- Theatrical poster
- Directed by: Sanjeev Reddy
- Written by: Sanjeev Reddy
- Produced by: Sanjeev Reddy Raj Kumar Ponugupati
- Starring: Himanshu Bhatt Radhika Roy Akkash Basnet Rashmi Gautam Nandini Rai KK Binojee Siddarth Chopra
- Cinematography: Y. N. Naveen Kumar
- Edited by: Naveen Nooli
- Music by: Sunil Kashyap
- Production company: Cocktail Pictures
- Release date: 12 October 2012;
- Running time: 125 minutes
- Country: India
- Language: Hindi

= Login (film) =

Login is a 2012 Indian Hindi-language suspense thriller film directed by Sanjeev Reddy. The project is produced by Cocktail Pictures, and stars Himanshu Bhatt, Radhika Roy, Akkash Basnet, Rashmi Gautam, Nandini Rai, Siddarth Chopra, KK Binojee. The soundtrack is composed by Sunil Kashyap along with lyrics by KK Binojee. Login was released on 12 October 2012.

== Plot ==

Login is a Hindi feature film about three different individuals and how the Internet and social networking sites changed their lives. True to its caption – "Connected online but disconnected in life" – the film portrays how everyone is glued to the Internet and hence getting away from their true selves.

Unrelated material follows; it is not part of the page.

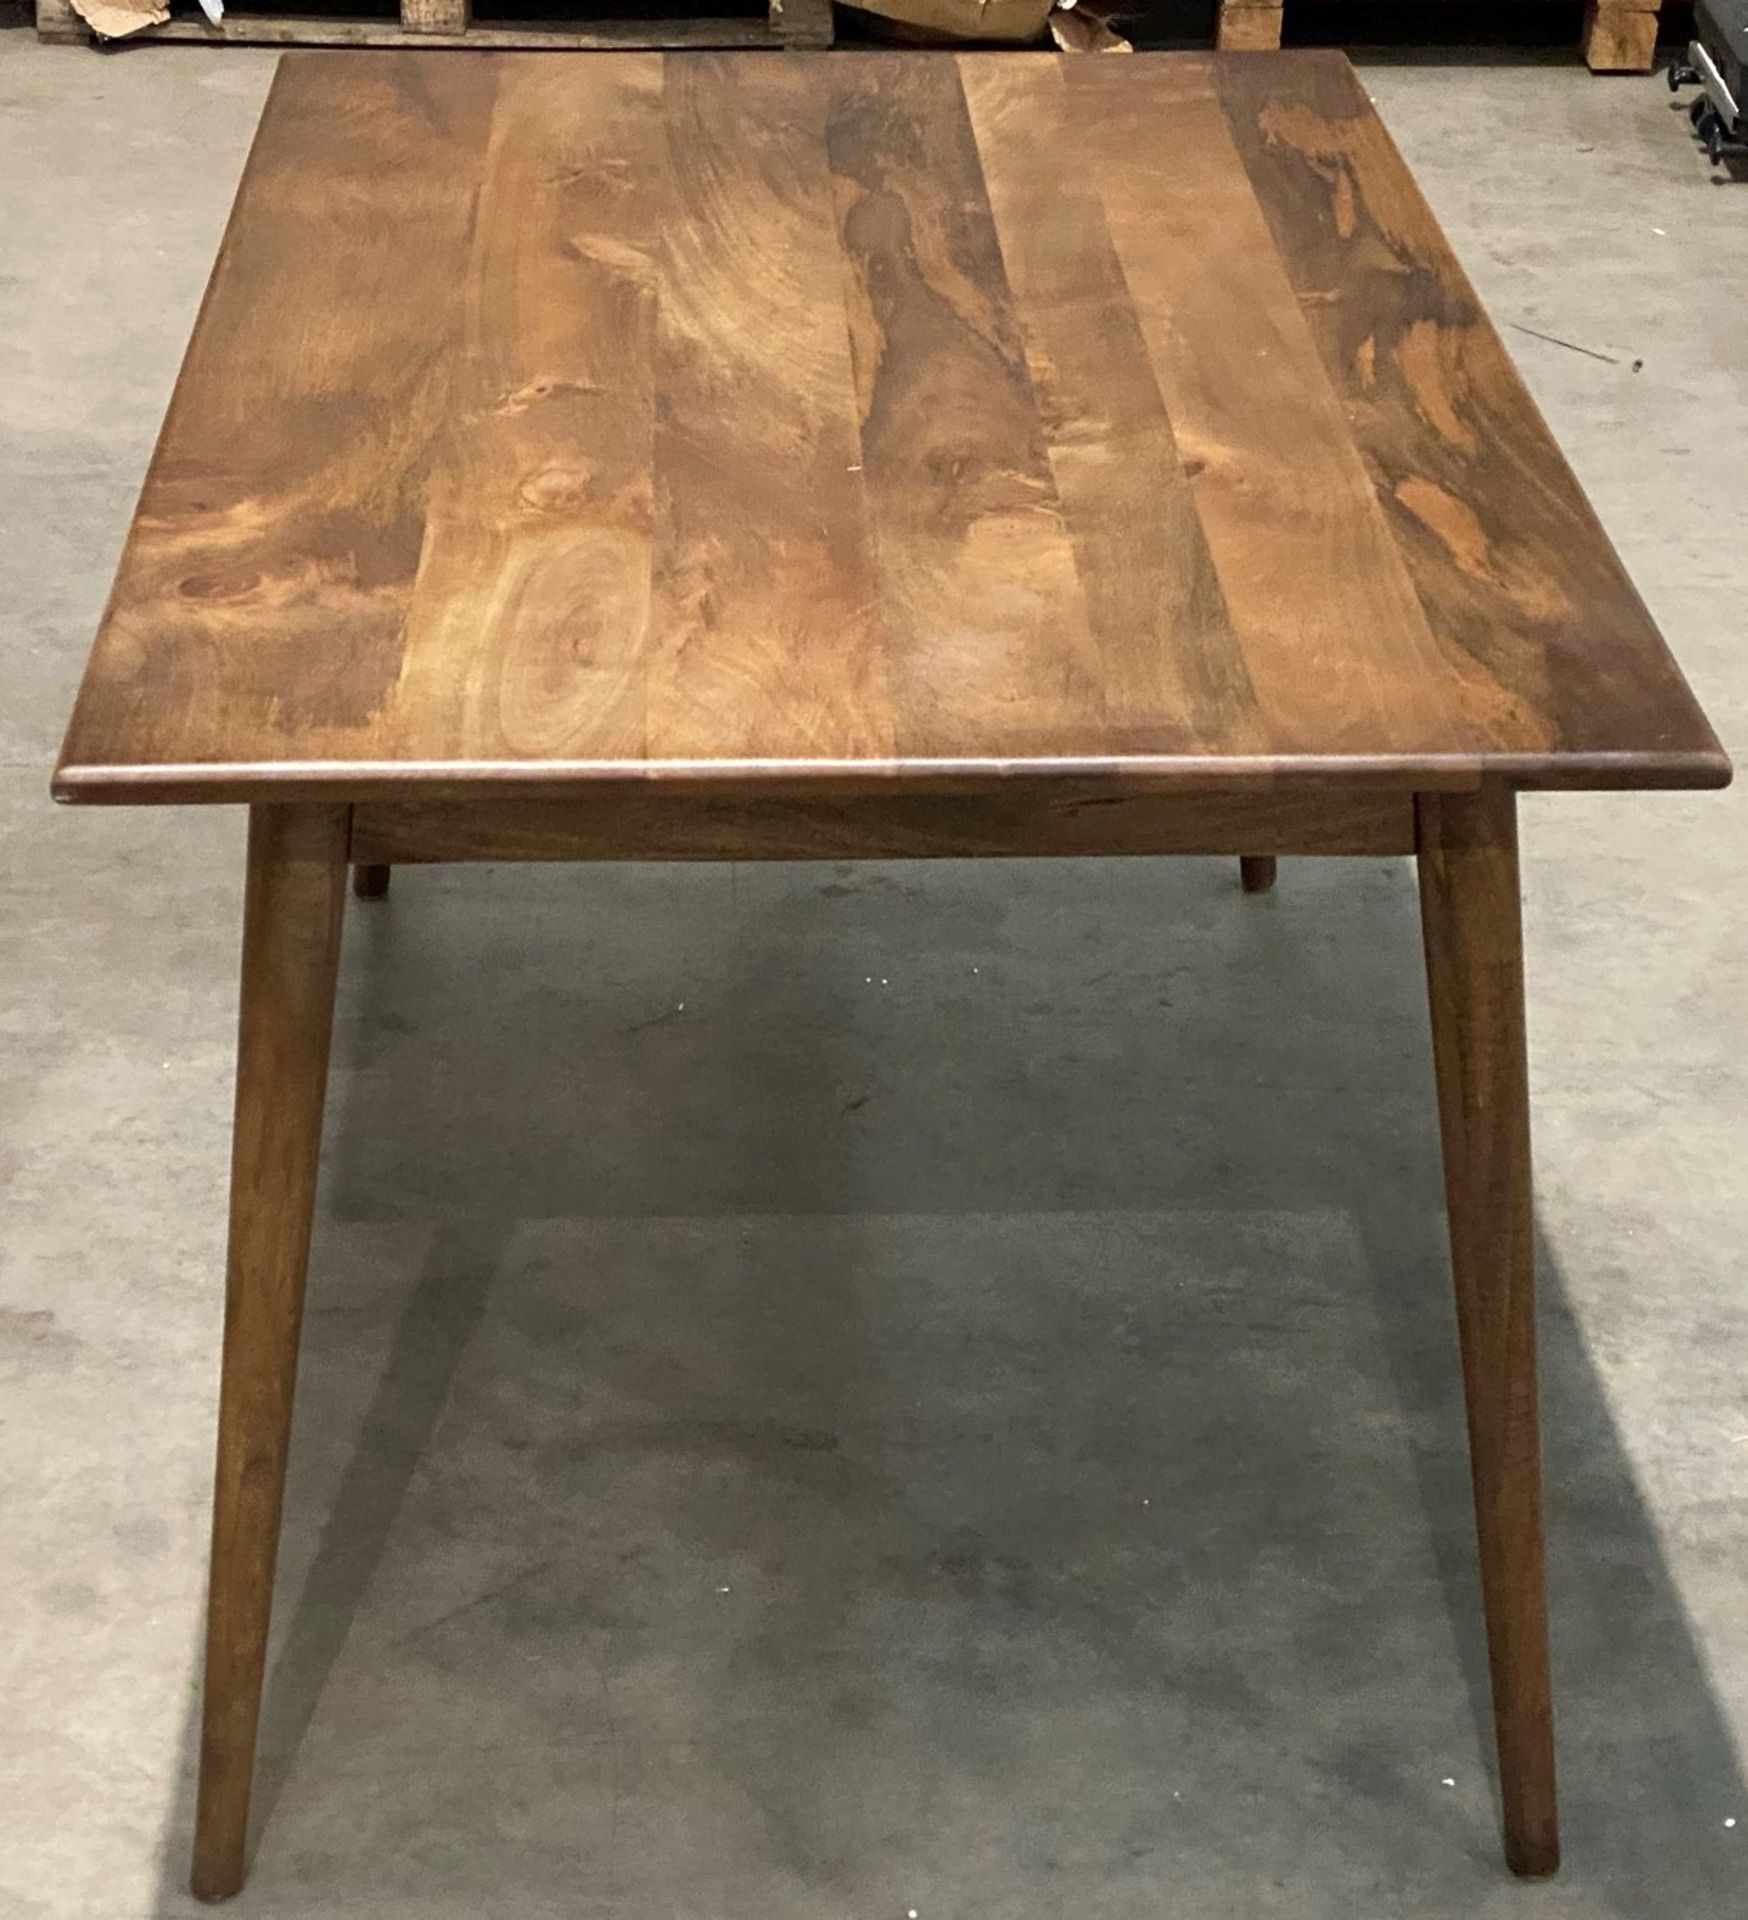 A Retro dark wood dining table - size 150cm x 90cm x 76. - Image 3 of 3

Jai is a young office worker who seeks a girlfriend through online dating sites. Vandana is a housewife who spends her free time chatting on social networking sites. Debu is a call centre worker who uses the Net to make money. How the usage of the Internet had affected the lives of these three characters forms the crux of the story.

== Cast ==
- Himanshu Bhatt as Mrityunjay Viswa karma
- Radhika Roy as Vandana
- Akkash Basnet as Debasish Mondal
- Rashmi Gautam as Vrutika
- Nandini Rai as Divya
- KK Binojee as Vishaal
- Siddharth Chopra as Johnny
- Pavani Reddy as Seema

== Critical reception ==
Login was rated 3 stars by The Times of India.

== Remakes ==
Login was remade into Telugu as Ladies & Gentlemen, which was well received by both the audience and critics.